Supt Shannondore Harold Evans admitted yesterday that he knew nothing about Haitian teen gang activity in Yamacraw.
In charge of the Eastern Division, Supt Evans said while officers are working on other matters in the area, he had yet to receive an official complaint about rowdy teenage behaviour from Haitian quarters.
Residents revealed exclusively to the Guardian on Tuesday that Haitian gangs were terrorizing the neighbourhood and threatening to “take over”.
But Supt Evans insisted, “Personally, I don’t know anything about their complaints. We have been working that area from the time I was head of this division and that has been from the year 2000. We have our sources in that area and we are activated when they call us. We have conducted raids on that Haitian village. We have executed warrants and we have made arrests there as well. But as far as a group developing in that area, I don’t have any information to that effect. I believe some of those residents are complaining but have not in fact called the police.”
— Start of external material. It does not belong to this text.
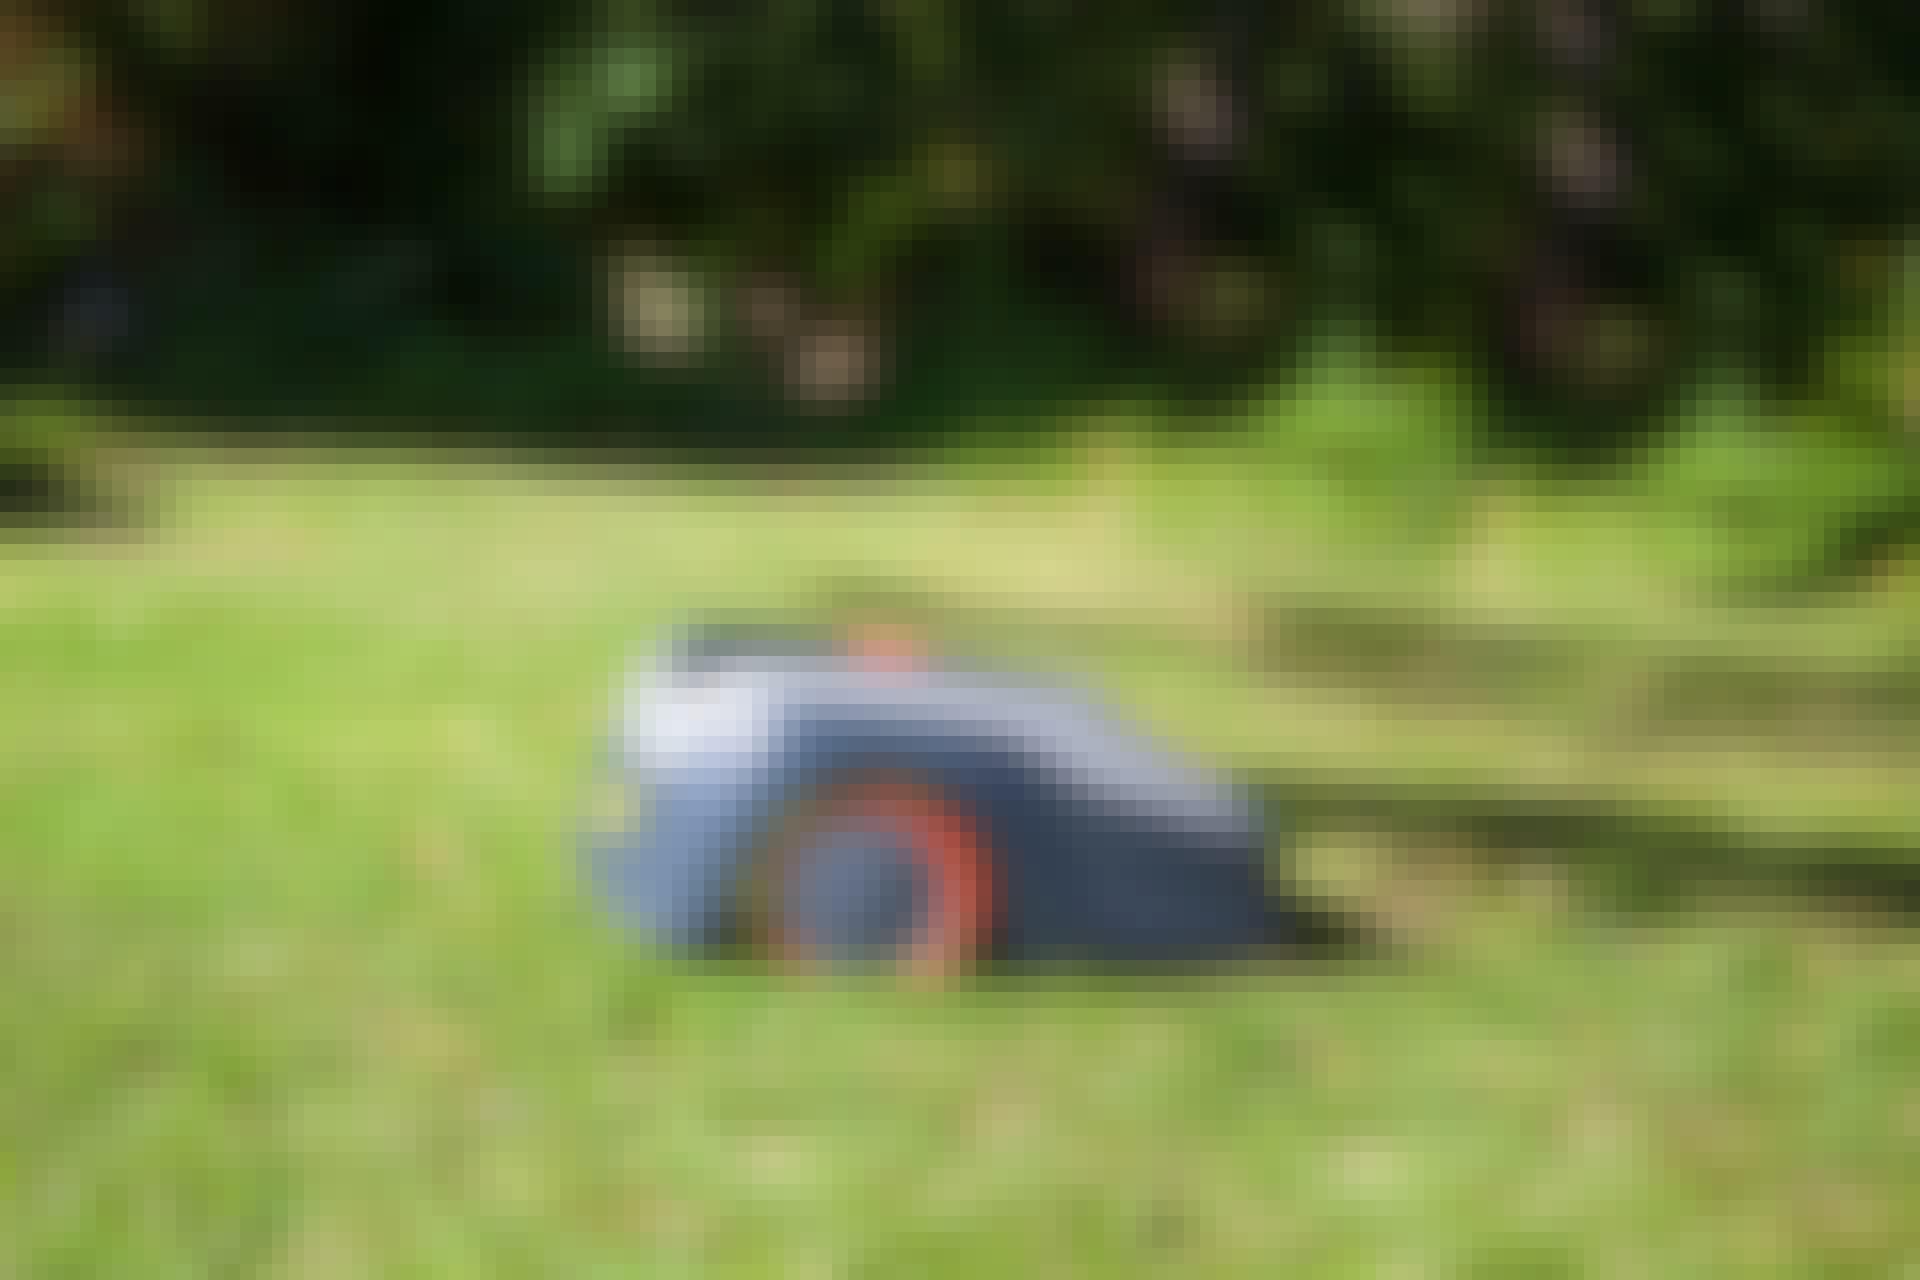 Robotgräsklippare test: Vi har testat fem populära robotgräsklippare som alla klarar upp till 1.200 kvadratmeter gräsmatta.

Residents have insisted that these young men are making life really uncomfortable in that middle-income, eastern New Providence area.
“As history records it, Haitians were always into revolution,” said a female resident of the area who was unwilling to give her name. “I do not take lightly any threat that these young men make. Those people have a different culture from us and they think nothing of taking another’s life. Look at the crime stories, for example, you can see names we can’t even pronounce. Those people are young Haitians or Haitian-Bahamians and they are committing the majority of crimes on this island. We are sick of it and the police need to do something.”
Haitian teen boys have allegedly organized themselves into a gang called “Zoe Pound” and have been seen wearing t-shirts with those words. Supt Evans said he was not familiar with “Zoe Pound” operating from that area.
In its tour of the Haitian village on Tuesday, a Guardian news team noticed numbers painted on each dwellilng shack. Haitian villager Nadia Desimore said inspectors from the Ministry of Health arrived earlier that morning and sprayed each shack with a number. She revealed that the inspector said the exercise was carried out to make the Ministry aware of how many shacks were in the village and to see to it that no more are built.
Ron Pinder, Parliamentary Secretary at the Ministry of Health, said he was aware that inspectors, assigned to that village, sprayed warnings on derelict vehicles to notify owners that they were to be moved but was unaware of the numbering of the shacks. He said, however, that the government intend to offer ‘low cost house ownership’ to certain residents of the village who were considered Haitian-Bahamians or who were already naturalized.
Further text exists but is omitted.